The reason why MDI prepolymerization technology is used is that the free foaming density of MDI-based foams is higher than that of TDI-based, and in order to maintain the same foaming density, the MDI system requires a higher amount of water. However, as the amount of water in the system increases, the ratio of urea group/carbamate increases, which tends to separate the urea phase from the microregion of the polyether soft segments, resulting in unstable foams and leading to a stiff foam feel and poor aging properties. The use of prepolymer technology to prepare MDI-based slow resilient foams, i.e., the use of high molecular weight, multi-hydroxyl compounds to react with MDI to form prepolymers, can realize the control of the phase separation process in the foaming process, thus achieving the purpose of improving the final properties of foams. Especially in the preparation of low density foam, MDI prepolymer technology is more important. Secondly, the prepolymerization modification of MDI can also significantly improve the storage performance of MDI components.

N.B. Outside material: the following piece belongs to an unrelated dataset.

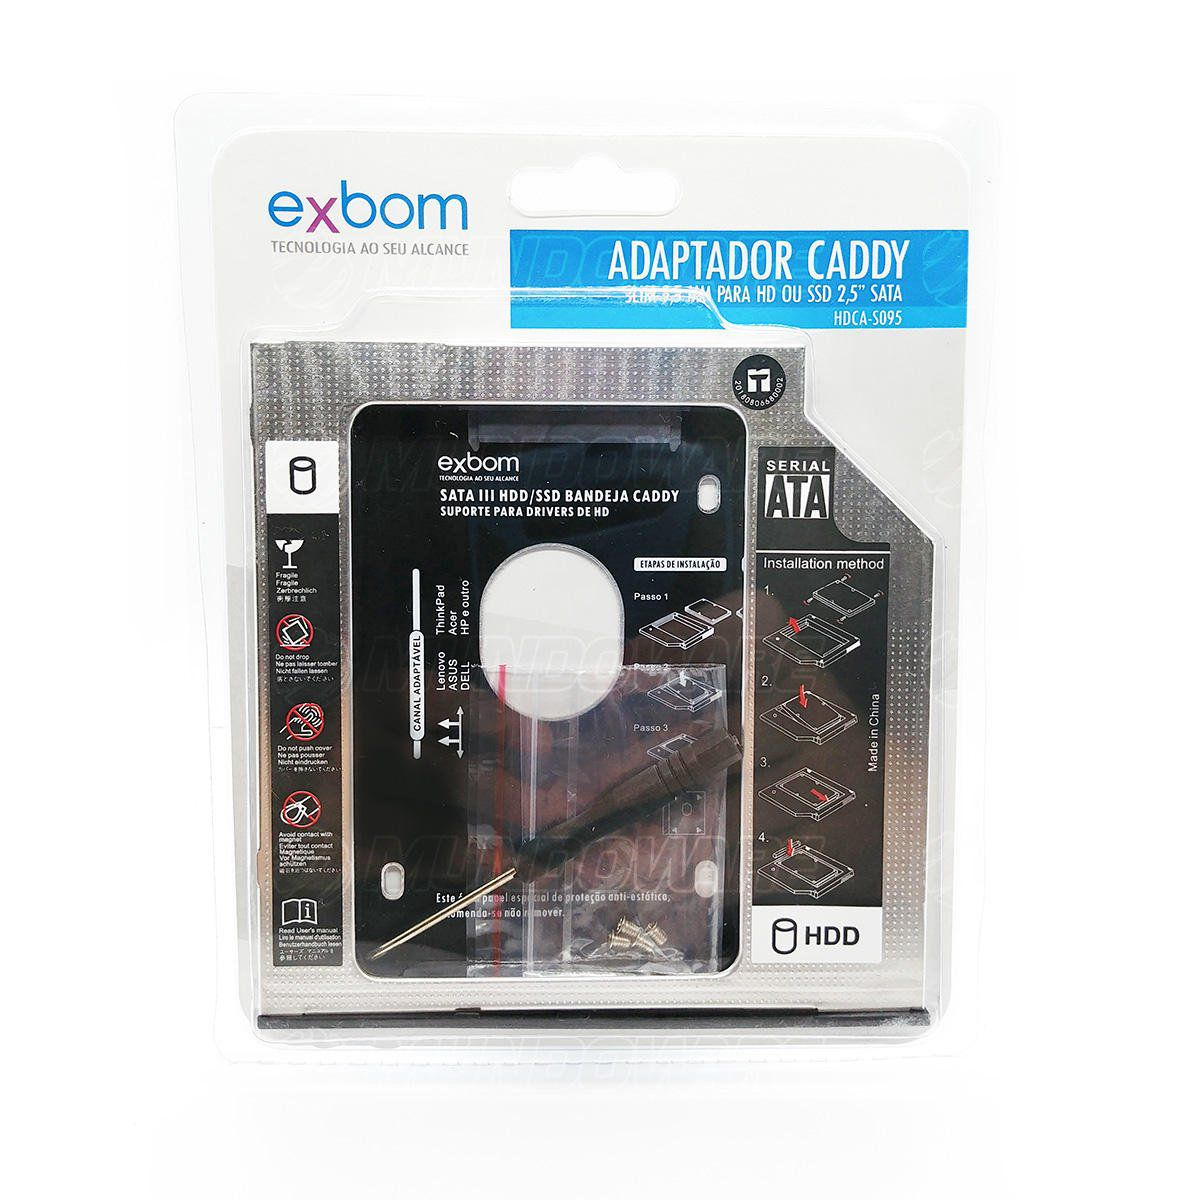 "Adaptador Caddy de 9.5mm Bandeja Interna Substitui Drive de DVD por Segundo HD / SSD 2.5"" SATA Exbom HDCA-S095"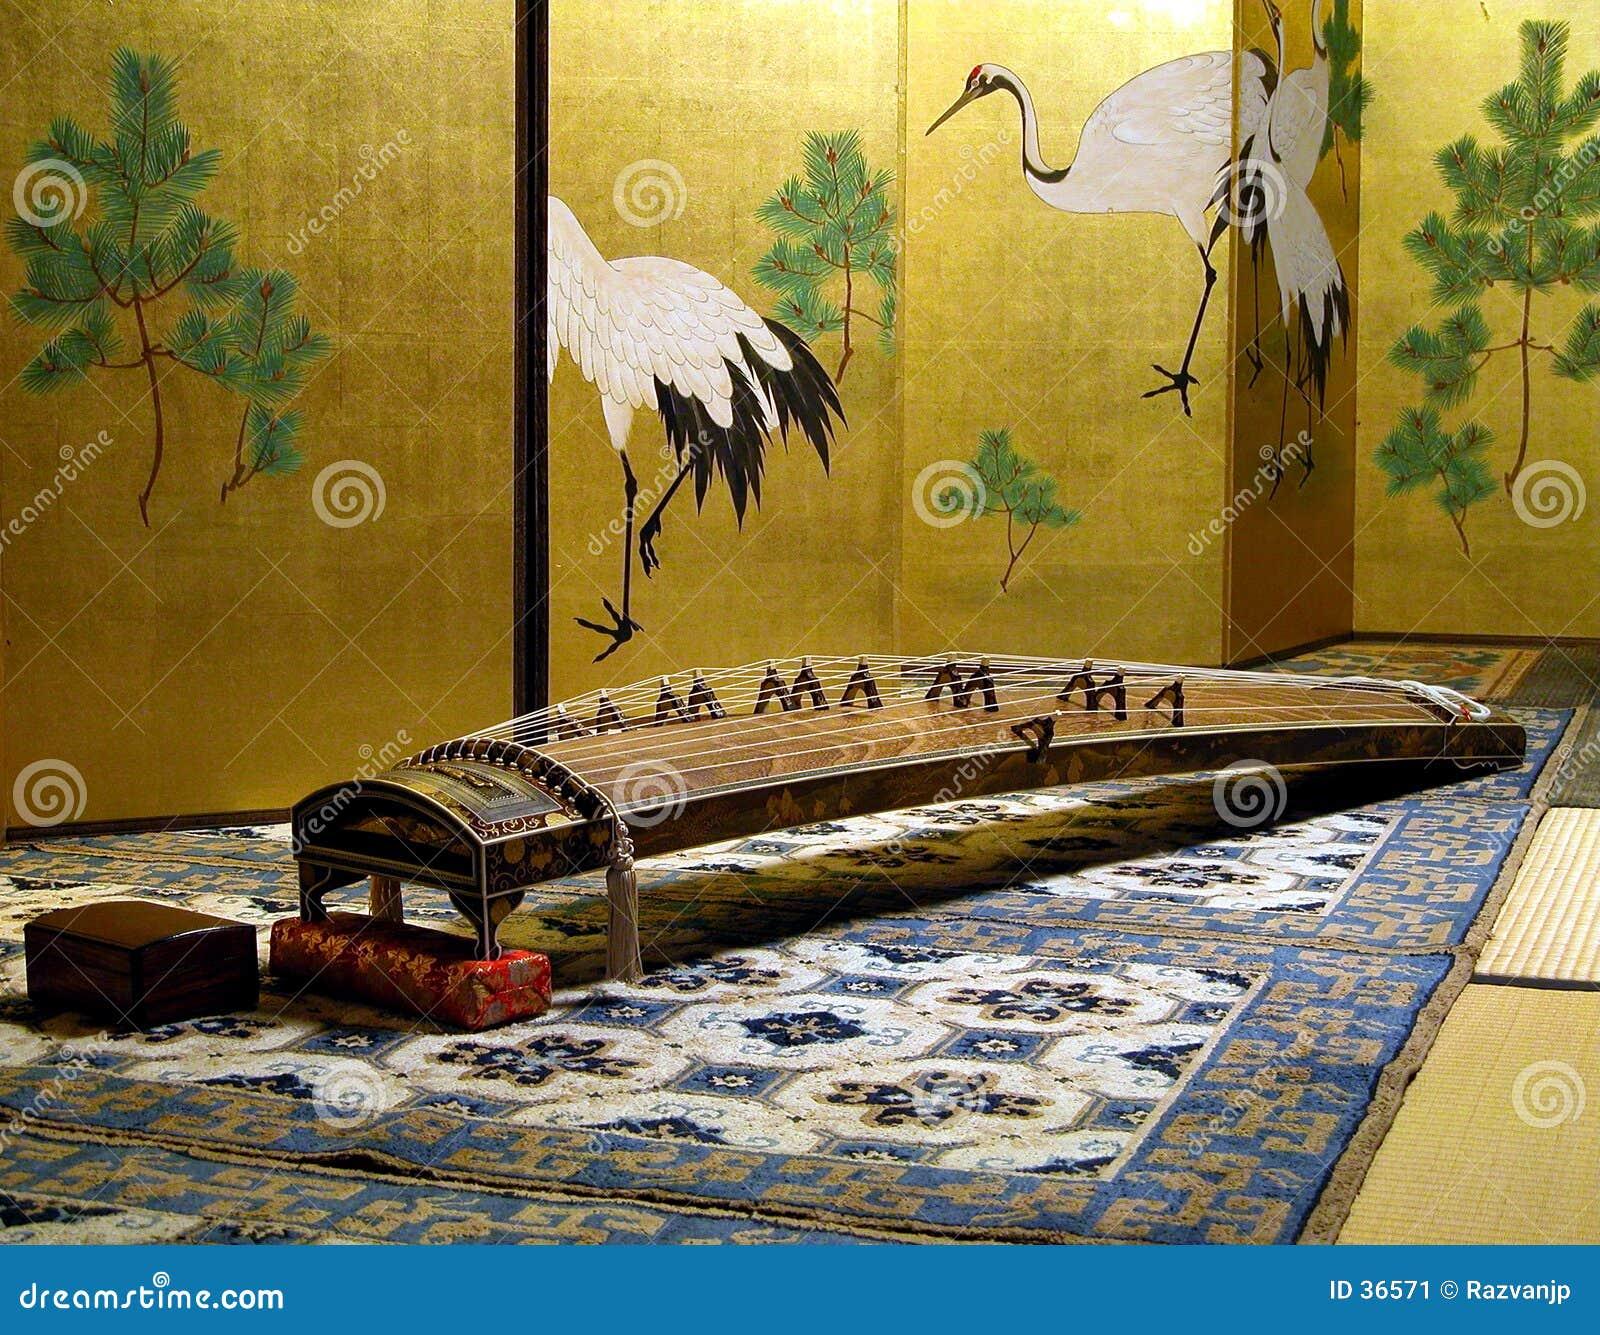 Download Kato imagen de archivo. Imagen de musical, casa, japón, turco - 36571

2 Main chemical properties of MDI
Preparation of slow rebound block bubble TDI is usually 2, 4 body accounted for 80% (mass fraction, the same below), 2, 6 body accounted for 20%, colorless or yellowish transparent liquid at room temperature, with a strong irritating odor, in 10 ℃ below the emergence of crystals, is a highly toxic and dangerous goods, the transportation has strict requirements. MDI used in this experiment can be stored at 0 ℃, room temperature is liquid. MDI no irritating odor, 25 ℃ vapor pressure of about 1.33 × 10-3 Pa, 1/2700 for TDI, volatility is small, relatively small toxicity to the human body, is a non-hazardous product, no special requirements for transportation, in the production, foaming process without pollution, conducive to industrial safety protection, by the production, It is welcomed by production and construction personnel. From the molecular structure, MDI and TDI molecular structure is similar, both contain -NCO and benzene ring structure. Experimental results show that MDI and TDI have the following differences:
Reactivity difference
In the TDI system, TDI is mainly 2,4-TDI, due to the spatial resistance, when the 4-position isocyanate group reacts preferentially, the reactivity of the 2-position group is greatly reduced; whereas in the MDI system, the structurally symmetric 4,4-MDI is mainly, with less spatial resistance, so the reactivity is relatively high, which results in the foam of the MDI system with the advantages of fast maturation speed and short debonding time, and the proportion of catalyst is reduced, and a certain degree of catalyst is reduced, so the foam of MDI system has the advantages of fast maturation speed and short debonding time, and the catalyst is reduced. Reducing the proportion of catalyst reduces the atomization performance of the foam to a certain extent, and at the same time improves the production efficiency.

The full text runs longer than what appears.